Bianca terkekeh sinis, "Sopan? Kau ngomong soal sopan? Udah lah, gak usah pakai topeng malaikat itu. Jijik."
"Aku cuma membagikan hadiah untuk teman-teman," ujar Christin, nadanya dibuat semanis mungkin.
"Teman?" Bianca mendengus geli, "Kau bahkan nggak tahu arti kata itu. Jangan campur adukkan kepalsuanmu dengan kata teman. Aku merinding dengarnya."
Beberapa siswa menunduk, pura-pura sibuk, sementara yang lain saling pandang dengan gelisah.
"Kalau kamu mau, aku bisa buatkan juga untukmu," kata Christin kalem namun penuh sindiran halus.
"Terima kasih, tapi aku takut ada isinya," cetus Bianca tajam, penuh sindiran.
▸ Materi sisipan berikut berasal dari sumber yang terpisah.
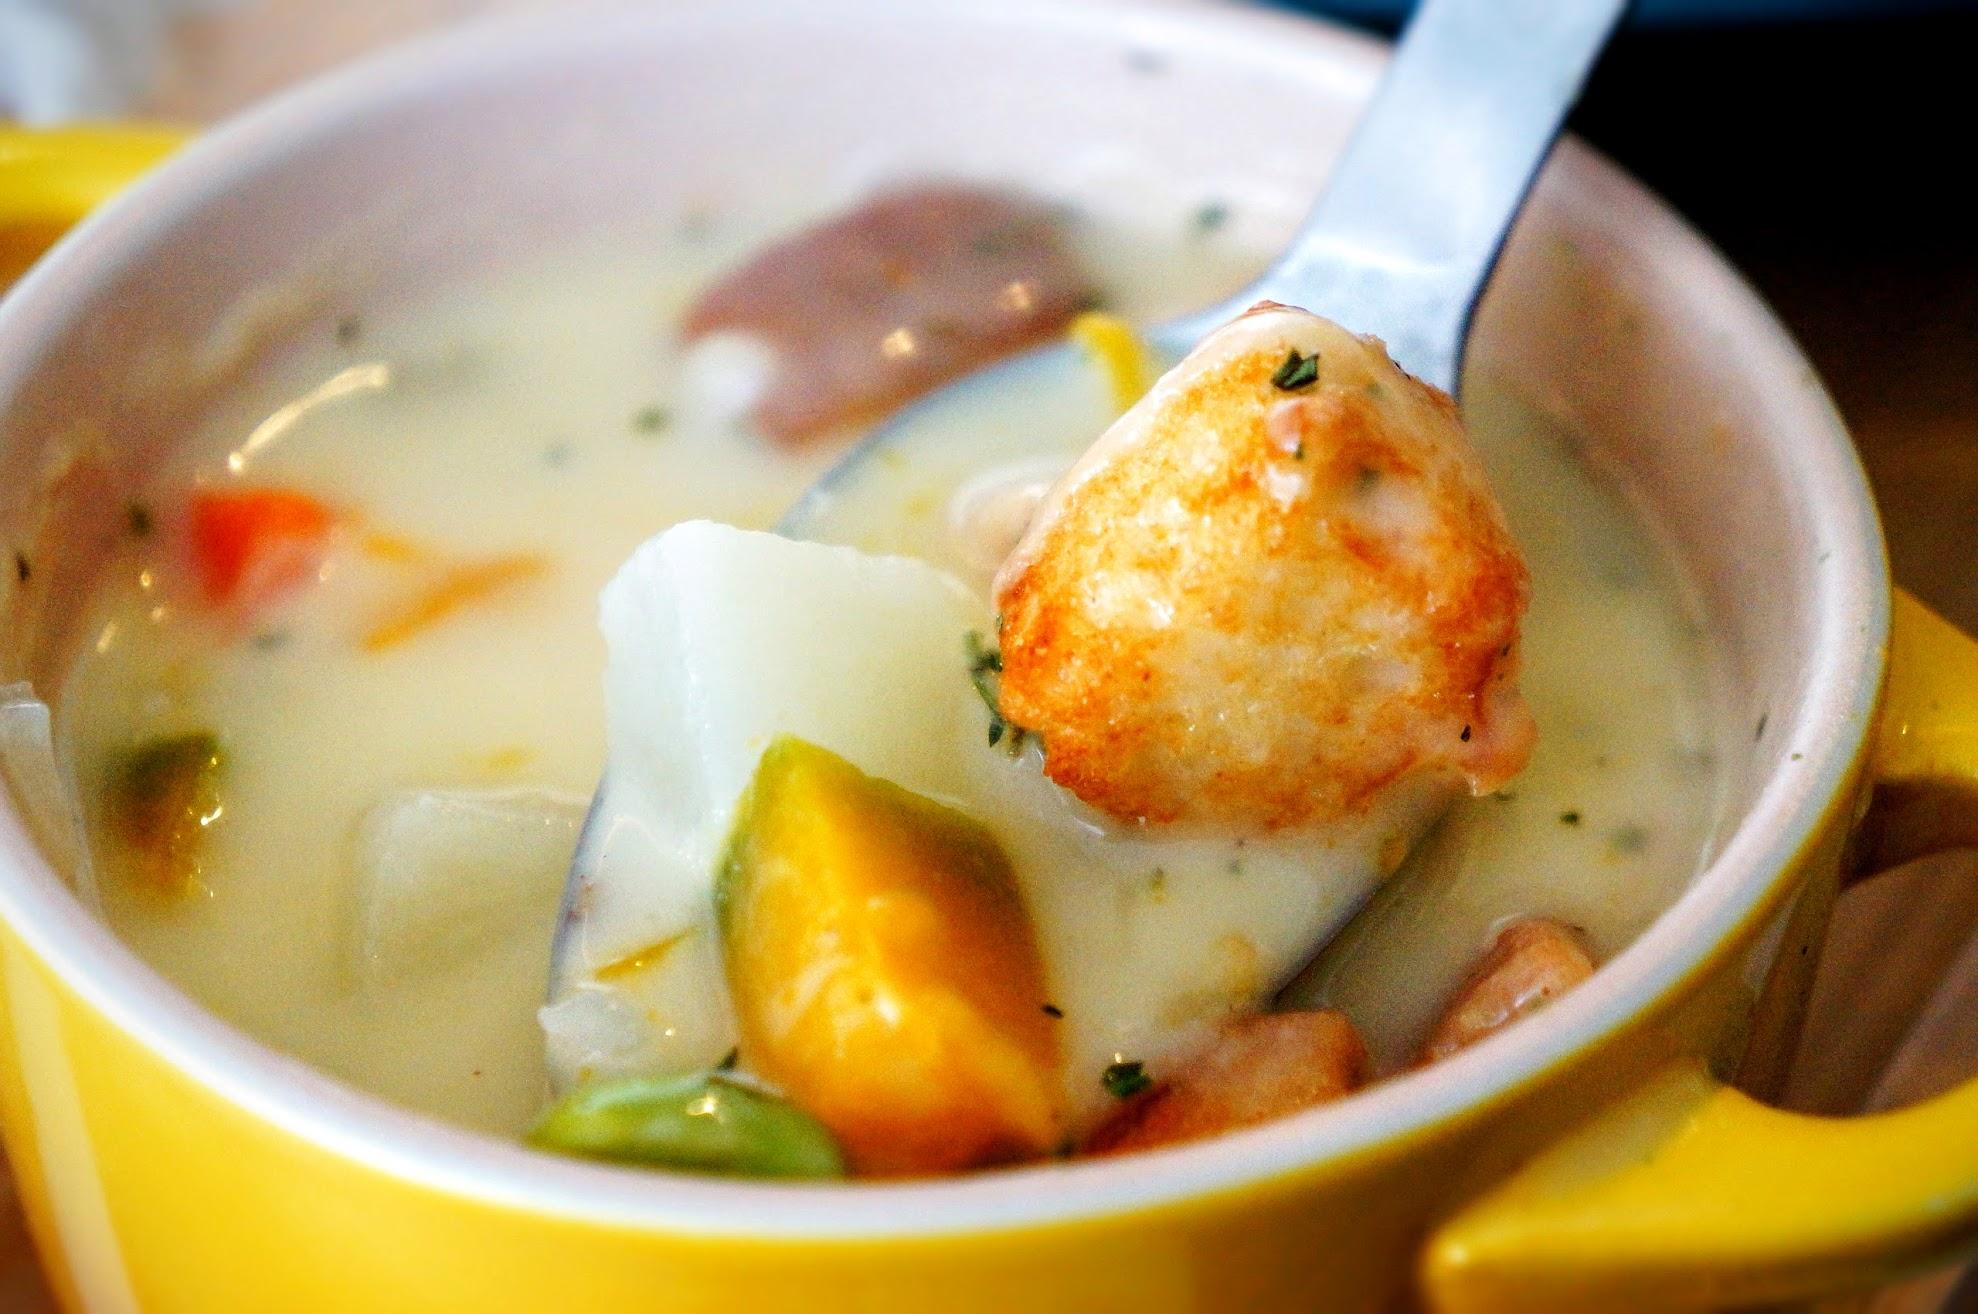 湯裡頭有薯泥塊、南瓜、培根、番茄等,滿滿都是料
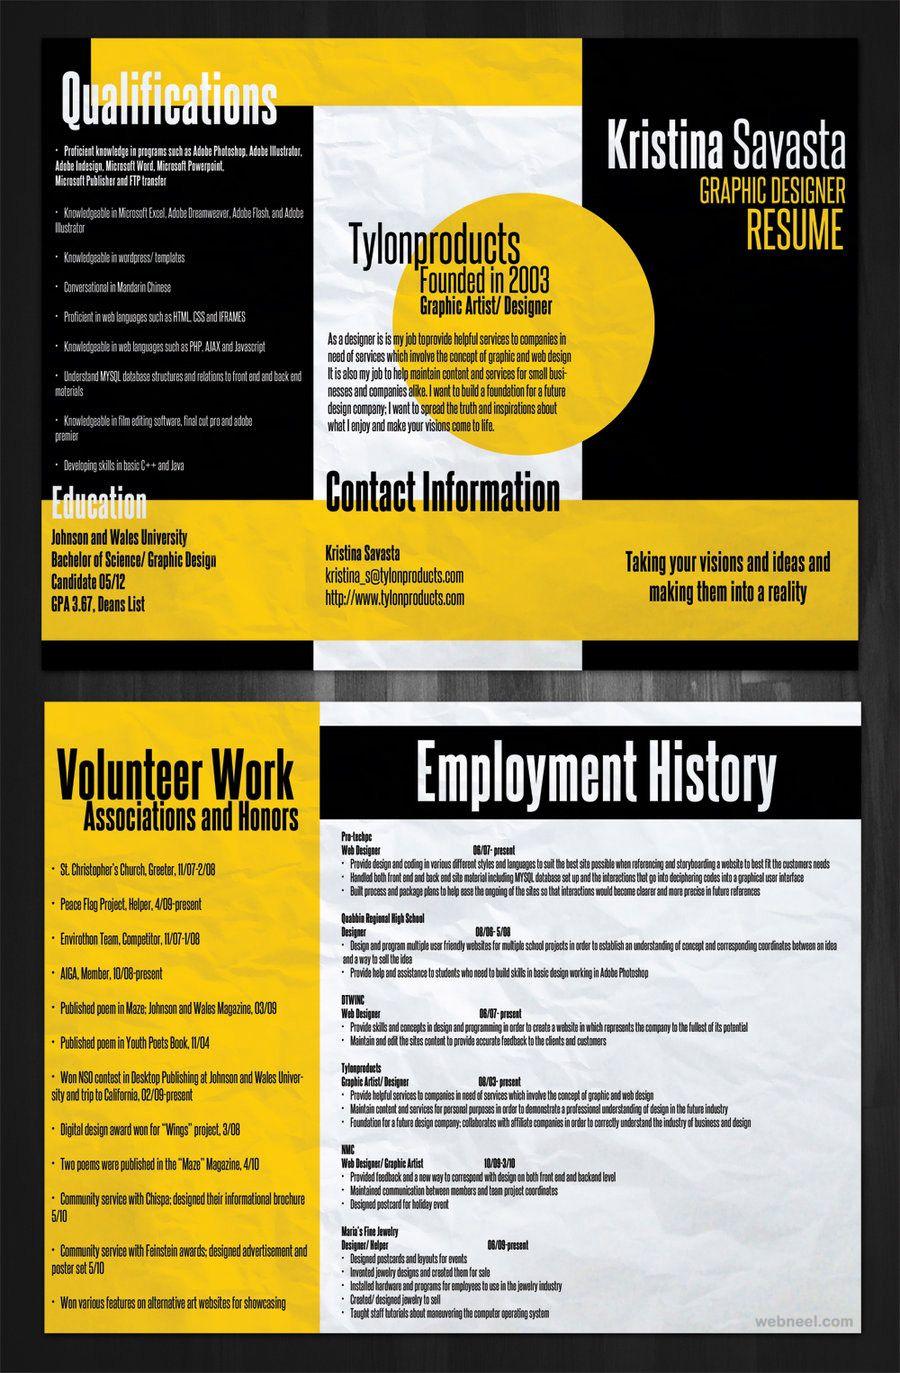 Creative Resume Designs Creative Resume Design  Swati  Pinterest
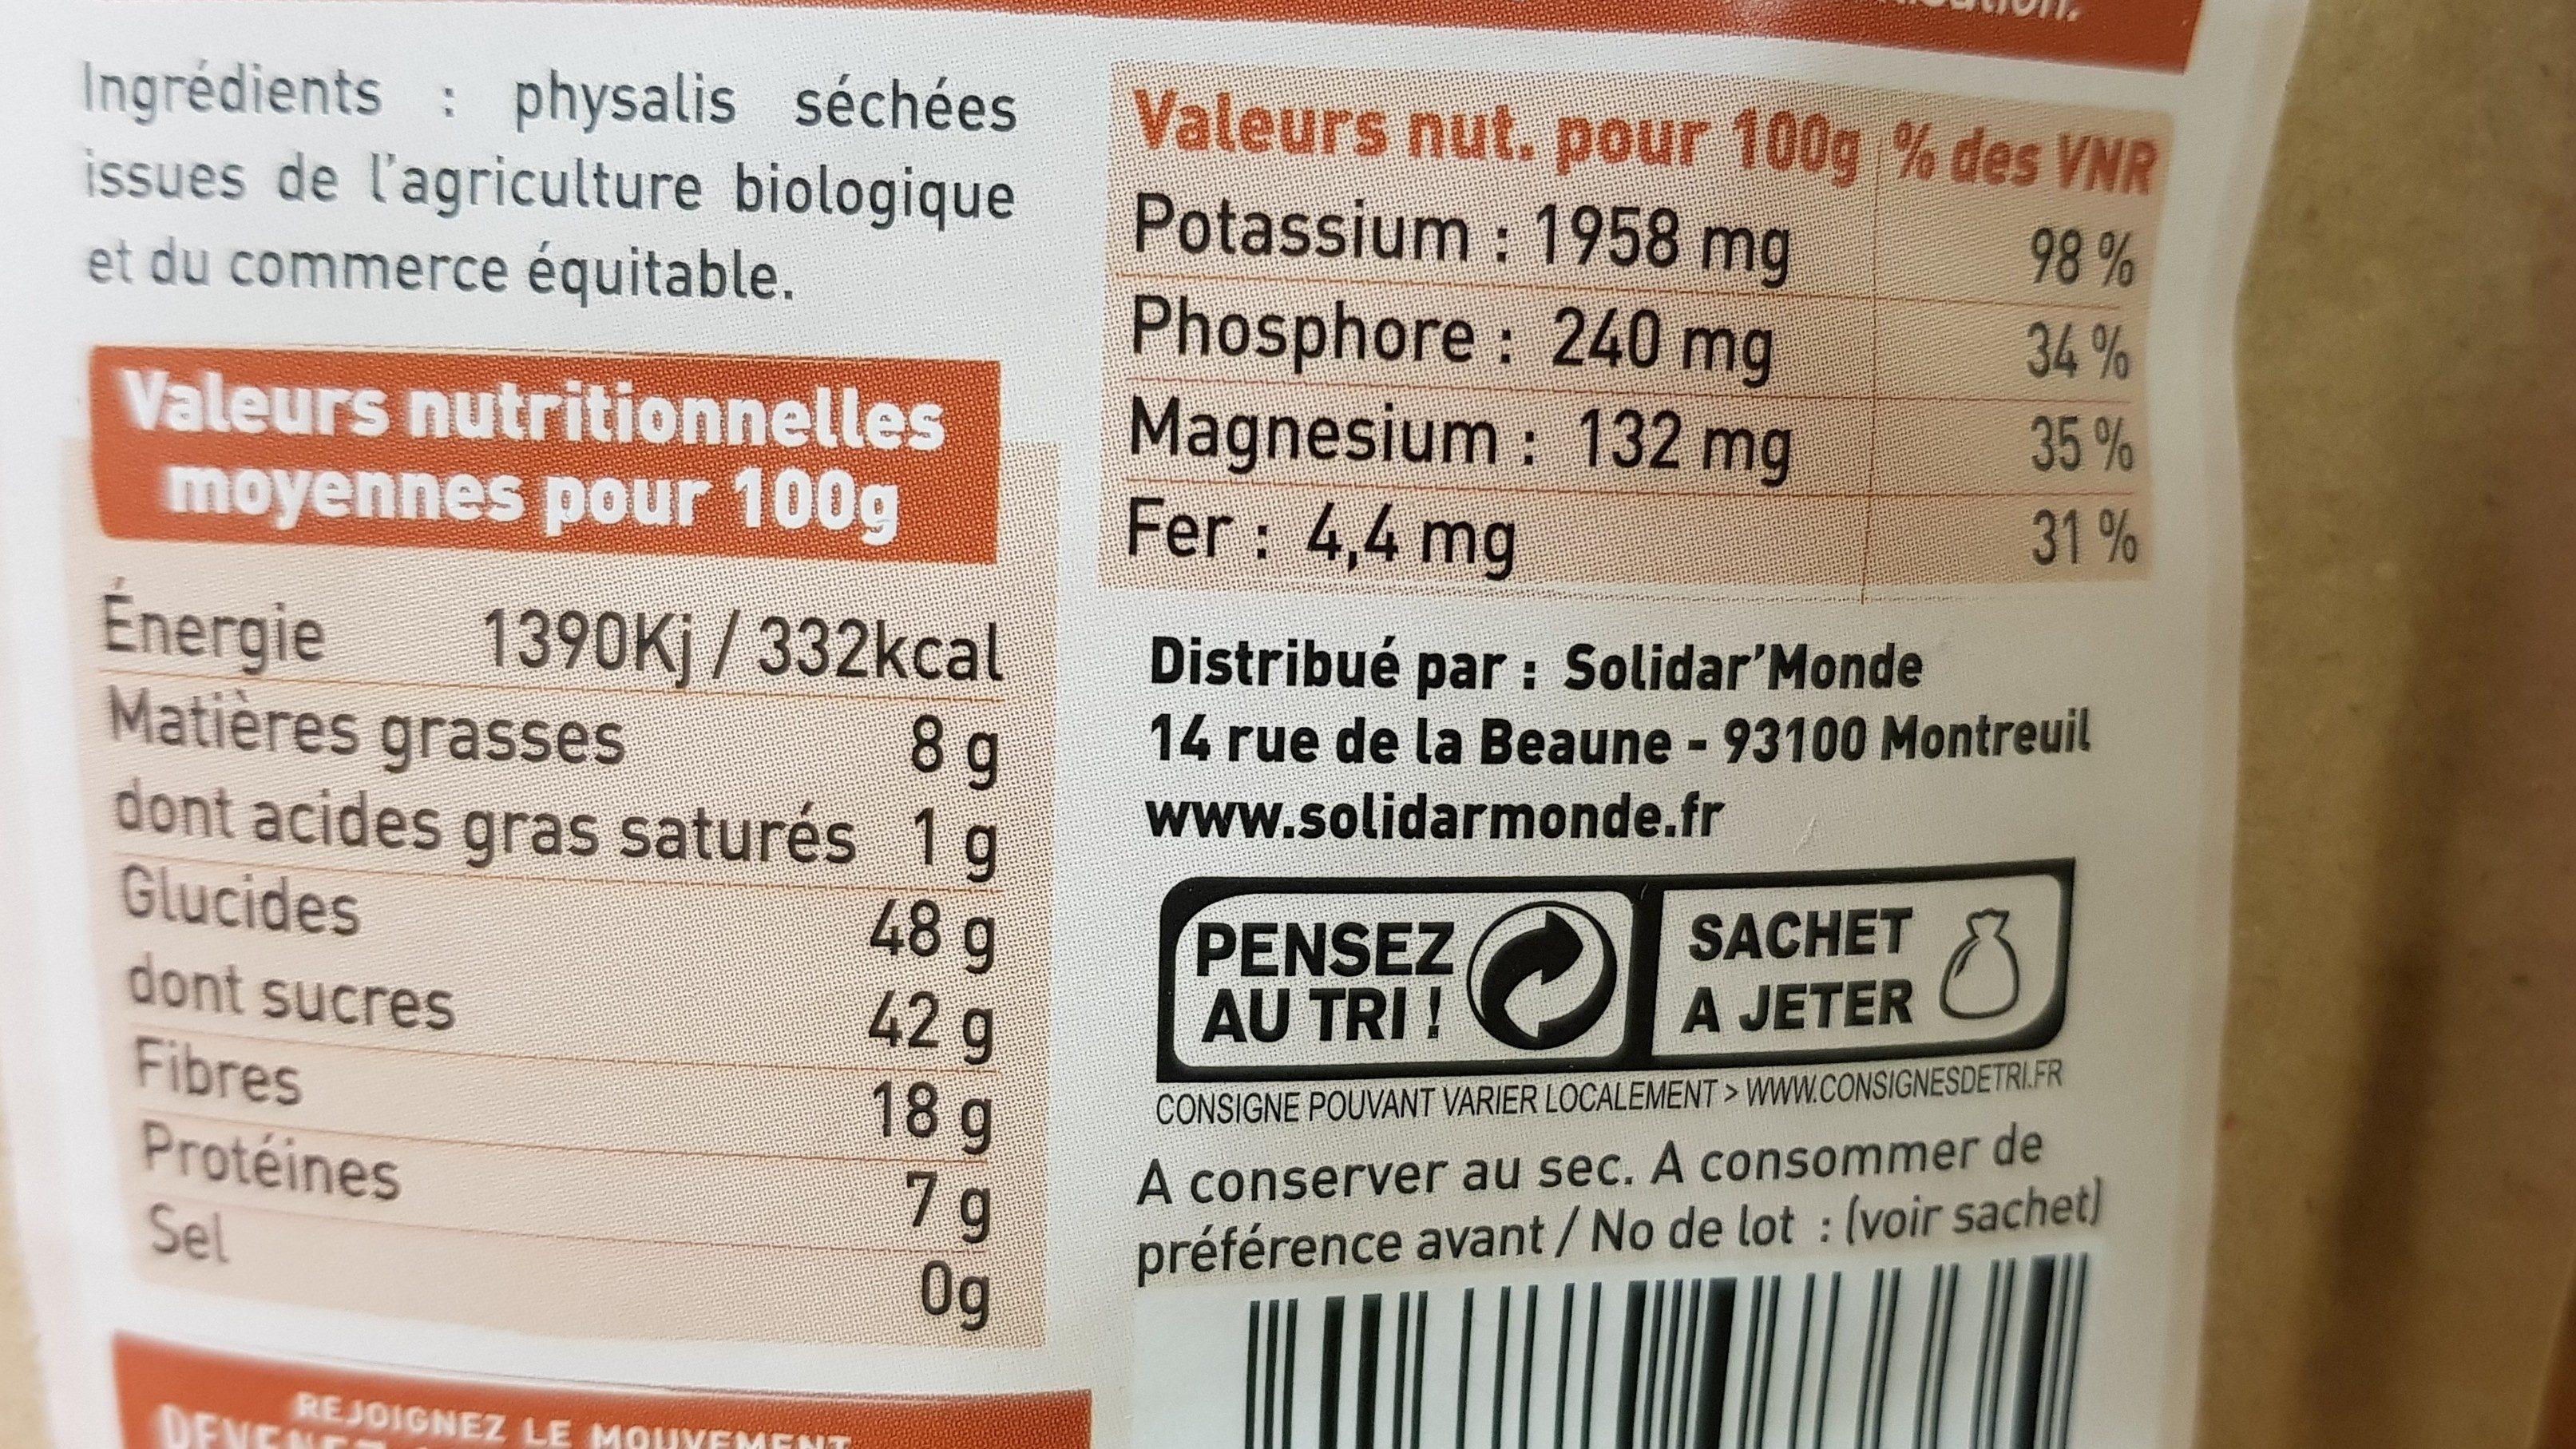 Physalis séchée colombie - Ingredients - fr
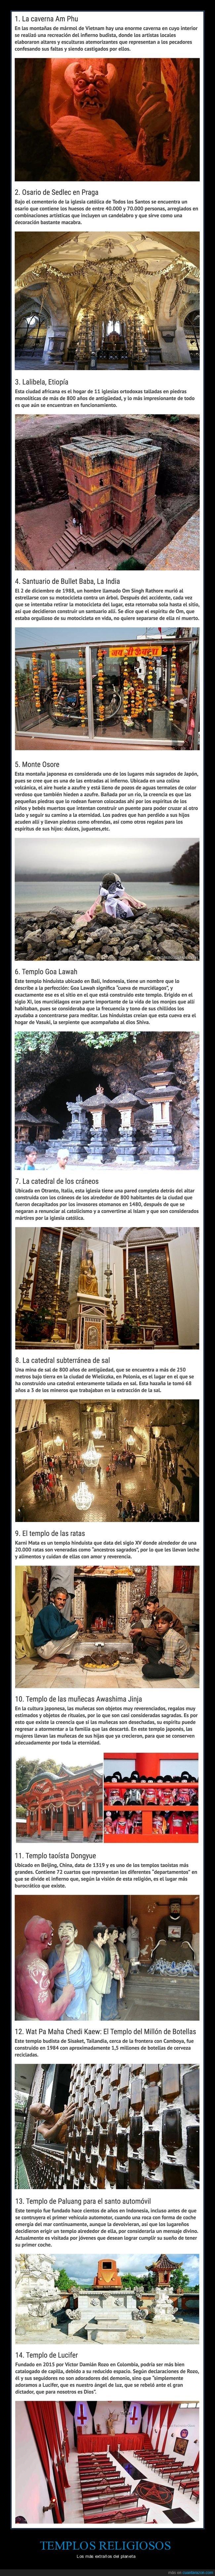 CR_1073977_791922136b3e42bb83f31821ee8d9131_los_templos_religiosos_mas_extranos_del_planeta
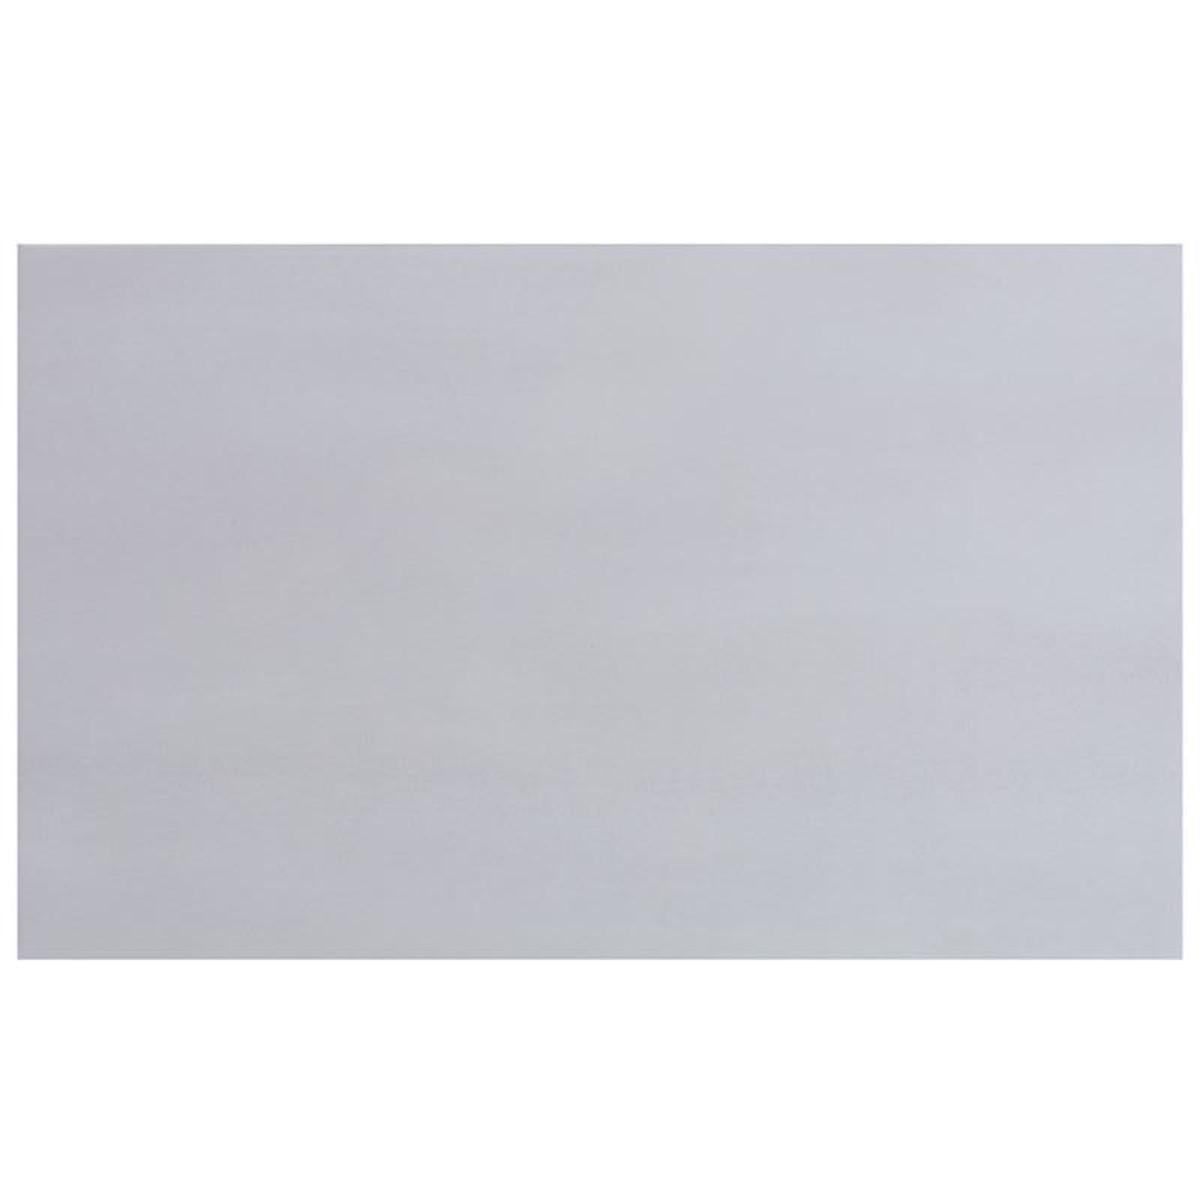 Плитка настенная Аверно 25х40 см 1.1 м2 цвет бежевый

Suasana kelas jadi mencekam. Tatapan siswa bergeser dari Bianca ke Christin. Kecurigaan menggantung di udara.
Christin menangkap suasana itu. Tatapannya menyapu seisi kelas. Lalu dia tersenyum tipis, namun nada suaranya berubah tegas.
"Kalau kalian curiga, silakan buka dan periksa semua kotak. Kalau kalian merasa aku melakukan sesuatu yang melanggar hukum... silakan laporkan ke polisi."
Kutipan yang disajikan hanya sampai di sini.